The Neolithic Installation at Poros-Katsambas

The location
The current coastline of Herakleion has been significantly altered, not only due to the construction of the modern port and road works, but also due to geological changes, river accretions and alterations in sea level. An idea of its shape before modern interventions is provided by the Venetian maps. The geomorphology of the area was favourable to the development of human settlements. Between the mouths of two major rivers, the ancient Kairatos, which springs from Archanes and crosses the valley of Knossos, and the river Giophyros, which springs from the eastern foothills of the Psiloritis mountain range, the landscape is hilly, relatively smooth, and develops downstream from the fertile valley of Knossos towards the sea. Two small natural bays are formed at the coast, the bay of Dermatas, facing north, and the bay of Herakleion, protected from the north by a rocky promontory. Immediately to the east, a wide and large sandy beach, that of Katsambas, is formed at the mouth of the river Kairatos.

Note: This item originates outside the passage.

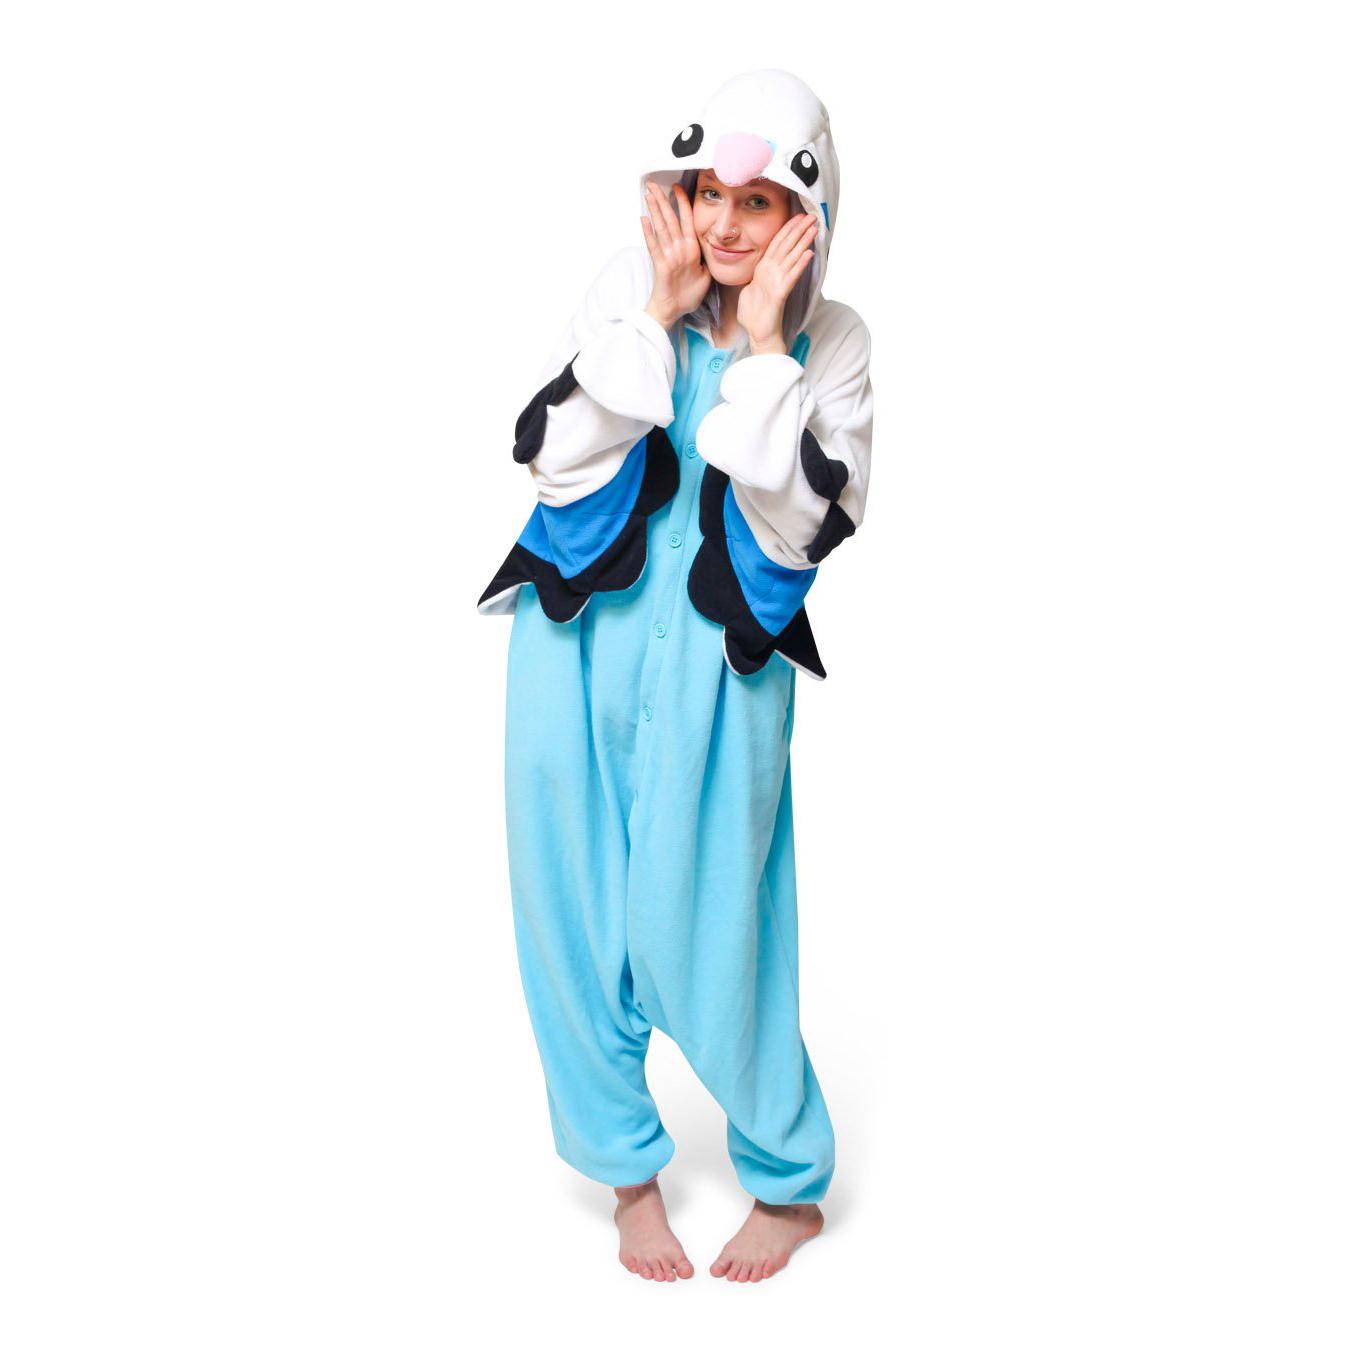 Каталог Попугай голубой Blue_Budgie_Animal_Kigurumi_Adult_Onesie_Costume_Pajamas_Main_SZC-KG-2766-BL_041471d1-6f83-408a-.jpg

The Neolithic Installation at Poros-Katsambas.
Since the early 1950s, the research of the archaeologist Stylianos Alexiou, on the western bank of the ancient river Kairatos in the area of Katsambas, brought to light settlement and burial remains of the Bronze Age and important findings of the Neolithic period. In the 1950s St. Alexiou excavated the ”Vrachoskepi” and the ”House”, on the top of the hill now called Mesa Katsambas, as well as two Neolithic buildings on a plateau between the riverbed and the hill of Mesa Katsambas. The survey yielded an abundance of pottery from vessels of various types and fabrication techniques, stone tools, animal and human bones. These three sites and their findings provide evidence that St. Alexiou has aptly interpreted as the “Neolithic Settlement by the river Kairatos”.
Fifty years later, the archaeological site became the subject of an interdisciplinary study project, according to which the site was first used in the 6th millennium BC (Middle Neolithic Age). This early settlement exploited the natural resources of the area, which provided arable land and water. It is not clear whether the settlement was permanent or seasonal. The inhabitants had developed ritual activity associated with the burial of the dead on the hilltop. The Neolithic settlement was eventually abandoned, but the hilltop remained in use throughout Minoan times.